Let People Know!!!

[needafix]

Let family and friends read this site so they might better understand what you are going through. People see you and you look perfect. People look at you crazy when you have to race to a seat to sit down before you fall down even if it is on the curb while you are walking outside. People wonder why you have to carry around your own chair or why you no longer go outside on sunny or hot days. You begin to feel like a vampire. Everyone wishes for the warm weather to come and we wish the cool weather never ends. Why you always feel cold, you always get gifts from people but you notice that the gifts are either heavy PJ's (no more silk), thick long socks, even gloves and ear mits.

[SarahA33]

Hi needafix,

I was having a similar discussion with a friend of mine who has POTS the other day. We talked about how easy it is to go into isolation with this condition. The symptoms are so difficult and overwhelming, it makes it really easy to want to stay in bed or on the couch, and then there are those periods of time when you are so sick that you can't get out of bed or off the couch. I know for myself I have explained it as best as I can to my family and my friends, some get it, and some don't get it. It's understandable, as most medical professionals don't even understand it yet.

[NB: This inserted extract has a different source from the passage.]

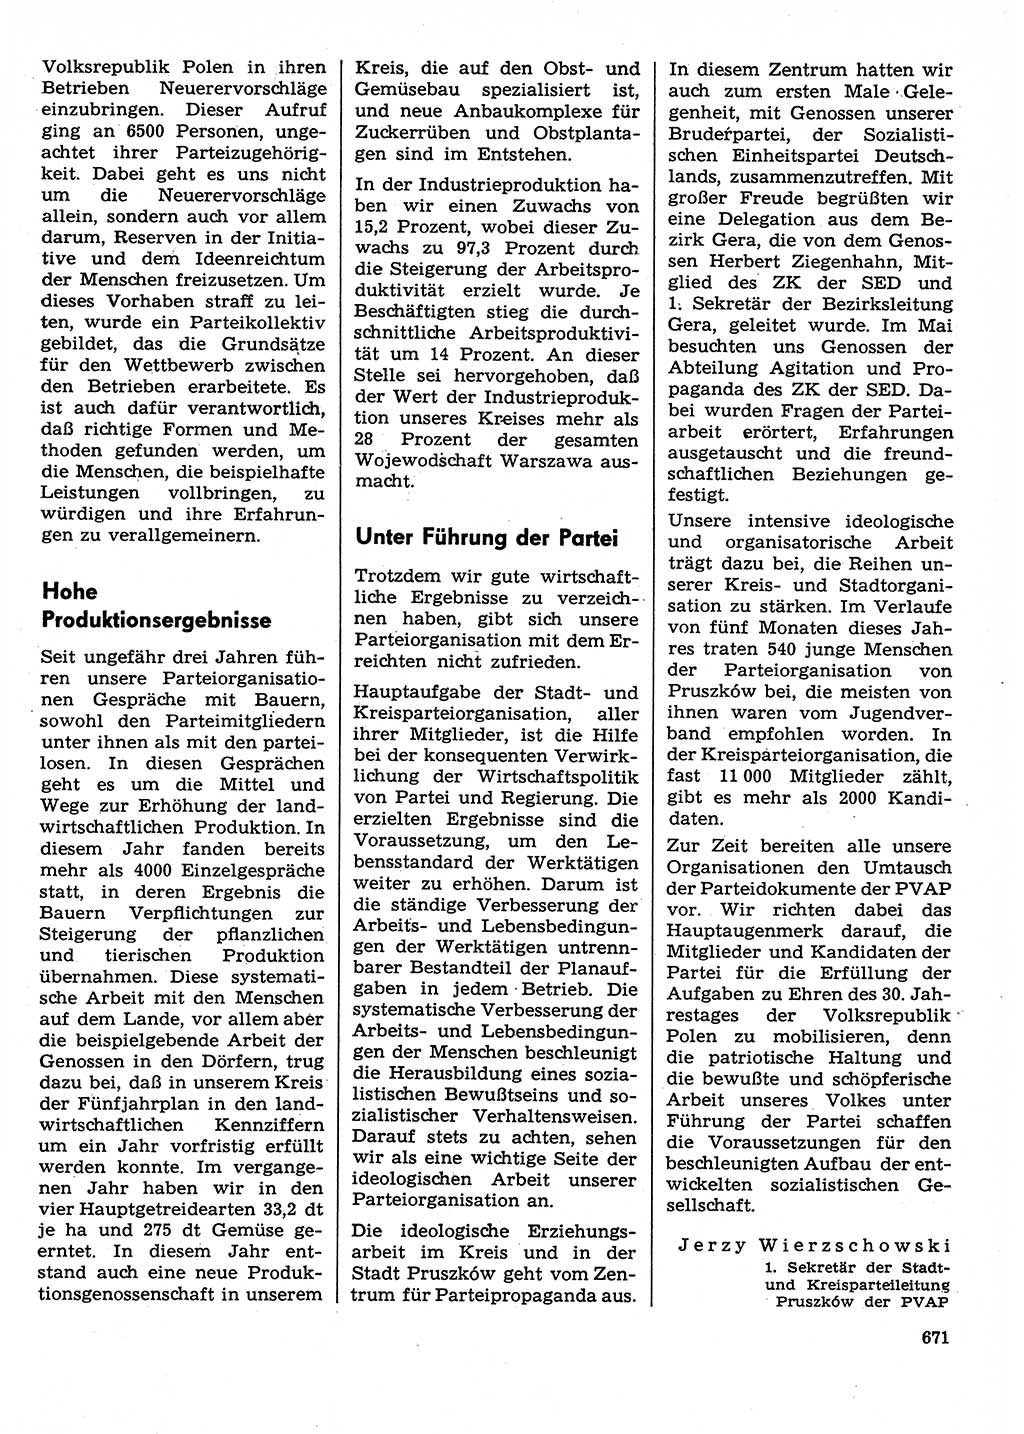 Neuer Weg (NW), Organ des Zentralkomitees (ZK) der SED (Sozialistische Einheitspartei Deutschlands) für Fragen des Parteilebens, 29. Jahrgang [Deutsche Demokratische Republik (DDR)] 1974, Seite 671 (NW ZK SED DDR 1974, S. 671)

Do you have a supportive family or friends that help you through this? I know what you mean about "not looking sick". When I first meet someone and they find out I have POTS, after they say they've never heard of that, they say "But you don't look sick". I think for the most part people mean it as a compliment, when in all actuality it really isn't a compliment at all. Most people don't think before they speak, they don't realize the impact of their words. There are a lot of websites out there for support on Invisible Illness.

I've formed close relationships with a few people from this forum, a couple I've been fortunate to meet in person! I talk to them on the phone a few times a week and they've been somewhat of my lifeline! 2 of them have actually become some of my closest friends. They understand what challenges I face on a daily basis and the emotional effects the POTS has is something we have bonded over. Hang in there!

[needafix]

Congrats and thank you on your new title. I have someone living in my apt. with me just for this reason. They thought I was faking until I passed out a few weeks ago. One minute I was fine the next minute I was on the floor. I also have people that call and or tex daily. I am almost 2 hours from my closest relative because I wanted to be closer to a hospital that knew about my condition.

[SarahA33]

Thank you needafix! I'm glad you've got a support system in effect! I know how difficult it is, but hang in there!

[needafix]

Has anyone gone to a chiropractor or had accupuncture or tried functional medicine?